向精神薬の処方実態に関する報告及び今後の対応について


 向精神薬の過量服薬を背景とする自殺への対策のひとつとして、厚生労働省自殺・うつ病等対策プロジェクトチーム:過量服薬対策ワーキングチームで、抗不安薬・睡眠薬の処方に関する実態調査を行っておりました。
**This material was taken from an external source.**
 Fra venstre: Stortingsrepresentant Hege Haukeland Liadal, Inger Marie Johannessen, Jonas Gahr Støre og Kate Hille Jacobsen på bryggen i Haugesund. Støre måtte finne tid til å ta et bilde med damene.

このたび、その結果と、これを踏まえた対応をまとめました。


○調査概要(別添1)
 健保加入33万人の診療報酬データから、抗不安薬、睡眠薬を処方された人のデータを抽出し、分析を行った結果、
 1 処方量については、9割前後の受診者で基準薬の添付文書に示された用量内の処方が行われていた。
   2009年受診者に対して処方される抗不安薬、睡眠薬を、ある基準薬の1日当たりに換算した値(処方力価)でみると、
   ・抗不安薬のジアゼパム換算で15mg以内の処方が95.8%
   ・睡眠薬のフルニトラゼパム換算で2mg以内の処方が86.4%であった。
 2 処方薬剤数については、ほとんどは単剤処方が行われていた。
   ・抗不安薬が、1種類の割合が83.6%、3種類以上の割合が1.9%
   ・睡眠薬が、1種類の割合が72.7%、3種類以上の割合が6.1%であった。

○調査結果を受けての対応(別添2)
 1 医療従事者に対しては以下のような情報提供を行う。
   ・抗不安薬や睡眠薬の処方に際しては、残薬の有無や他の医療機関からの処方の有無について確認する等、充分に注意を払っていただくこと。
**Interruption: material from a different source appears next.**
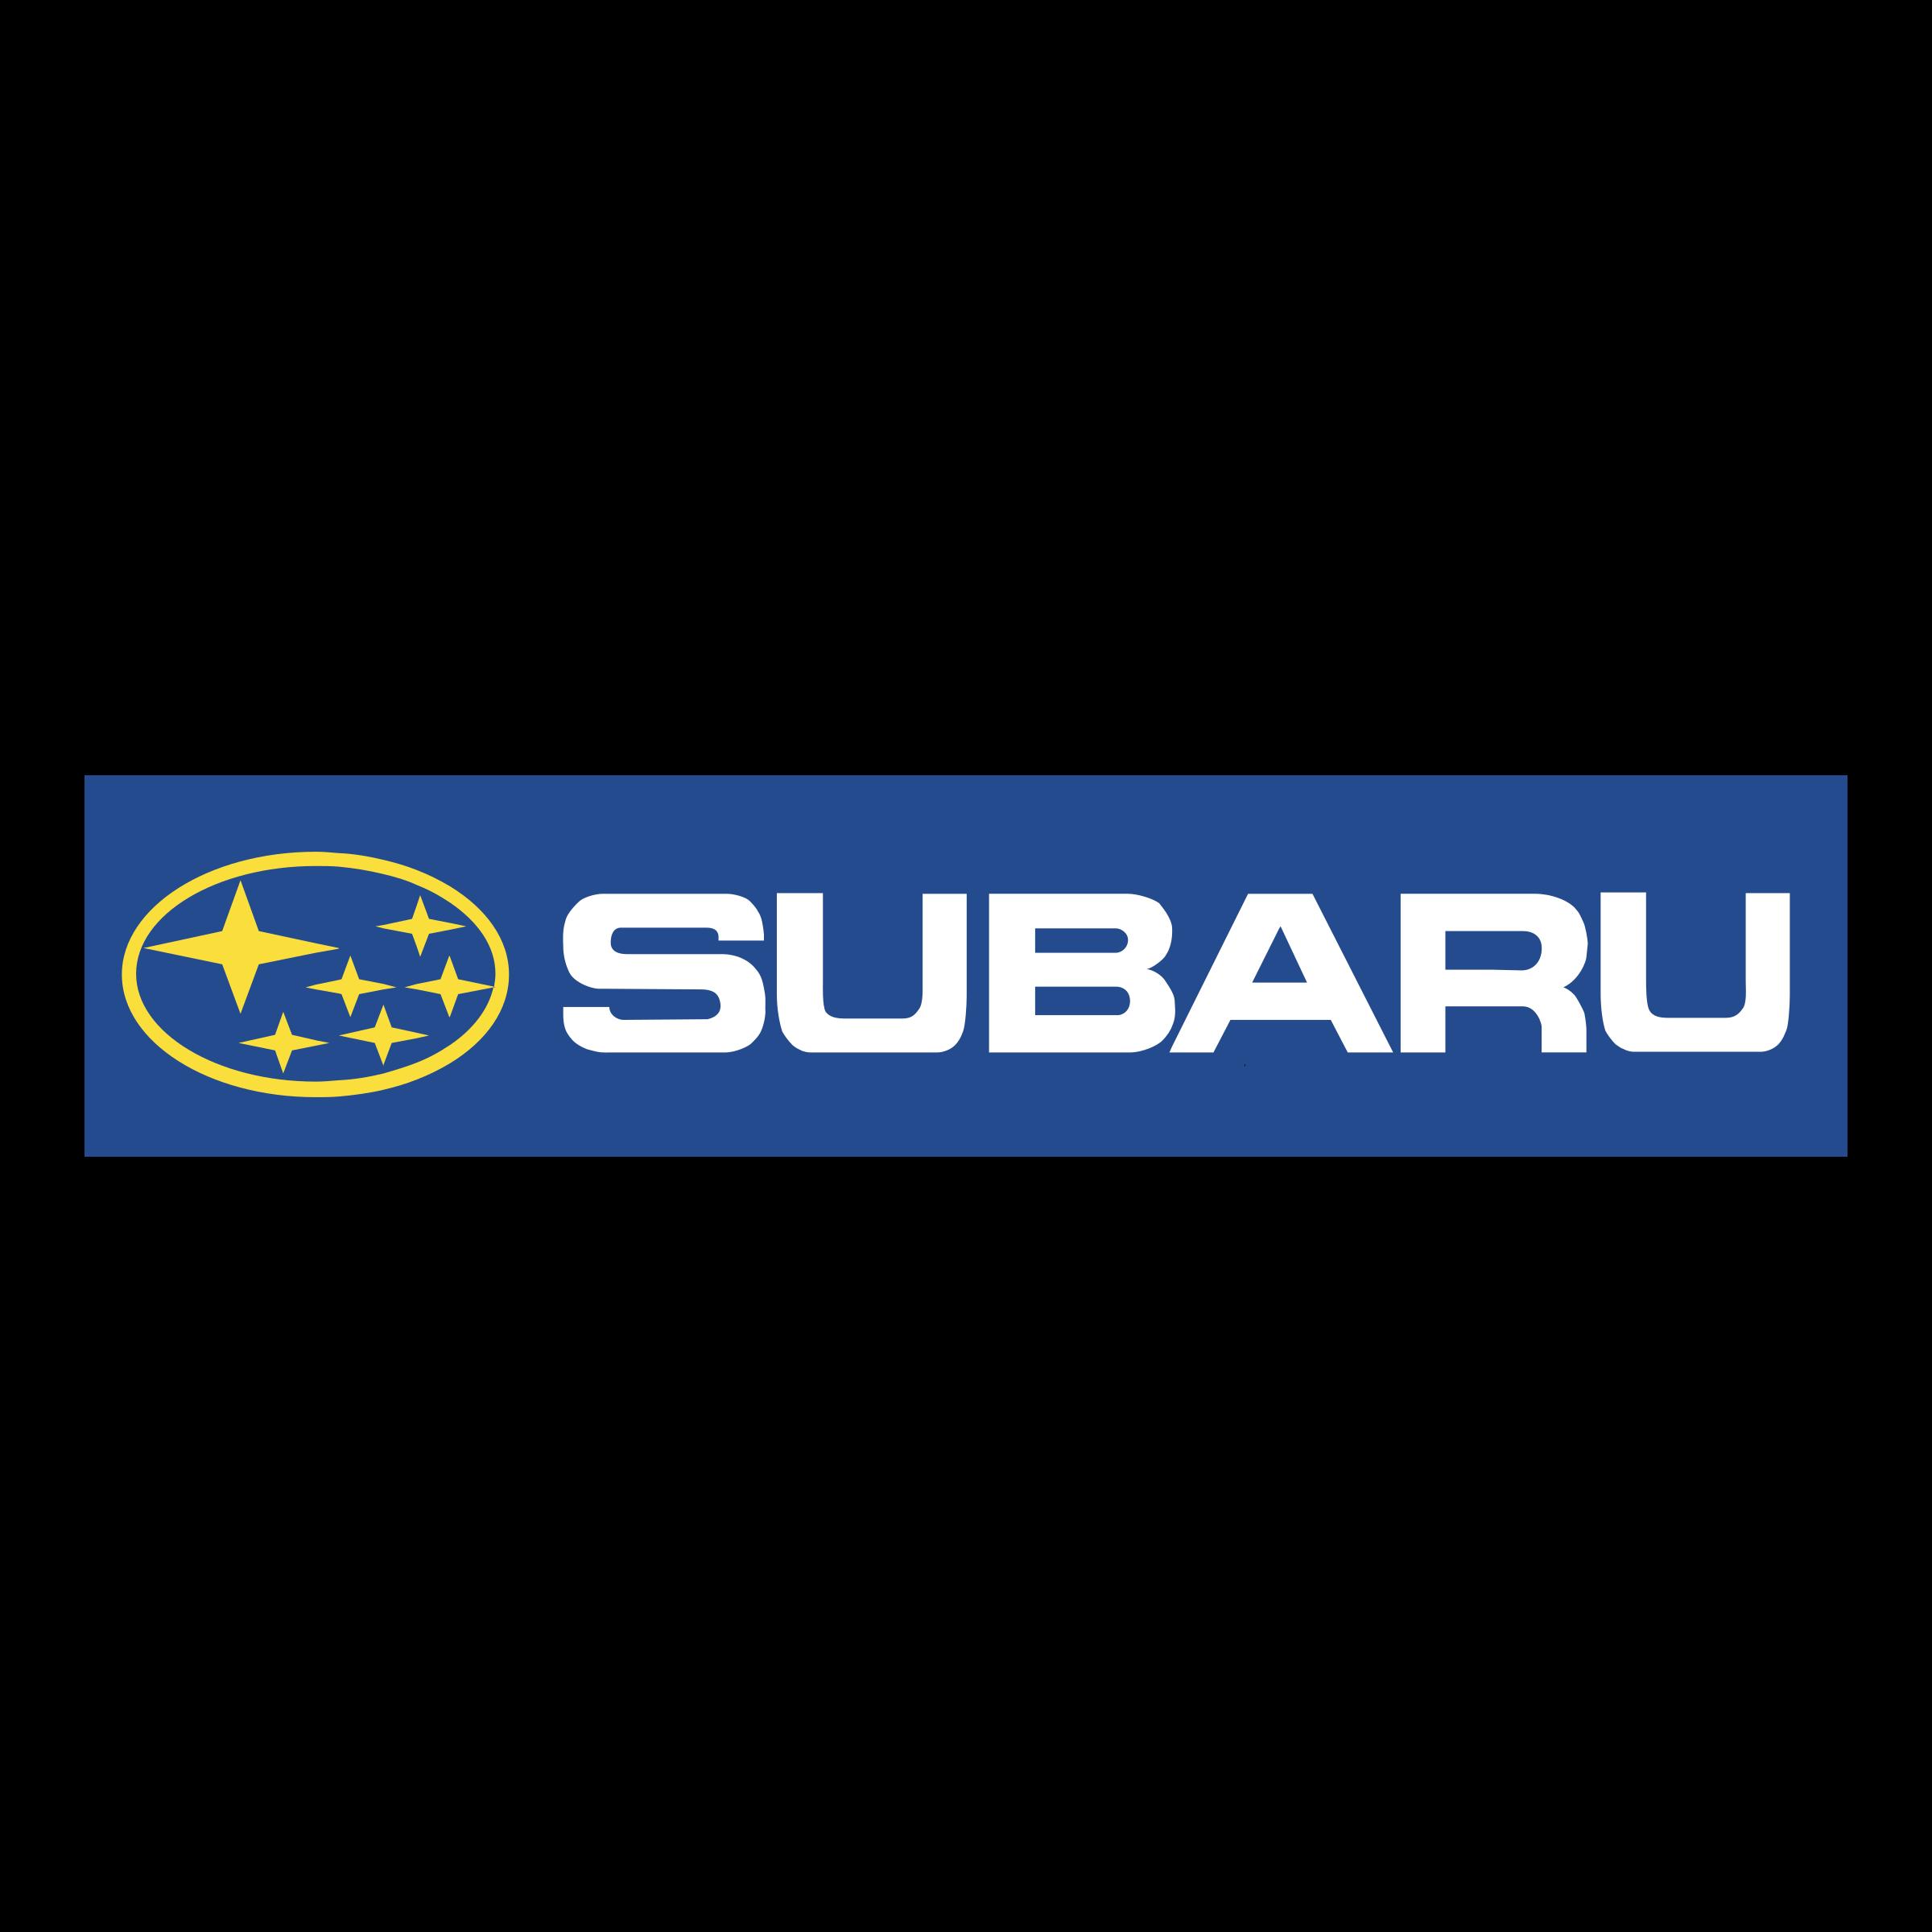 subaru logo png transparent svg vector freebie supply rh freebiesupply com subaru logo white png subaru logo pleiades

   ・抗不安薬や睡眠薬については、薬物依存の可能性等に注意し、同種の薬剤を3種類以上処方する必要性について充分に考慮していただくこと。
 2 一般の方に対しては以下のような情報提供を行う。
   ・1回の処方で抗不安薬が3種類以上、又は、1回の処方で睡眠薬が3種類以上のいずれかの処方を受けている場合には、主治医に処方の内容に
    ついて充分な確認をすること、あるいは、かかりつけの薬剤師等に確認すること等について、必要に応じ、検討していただくこと。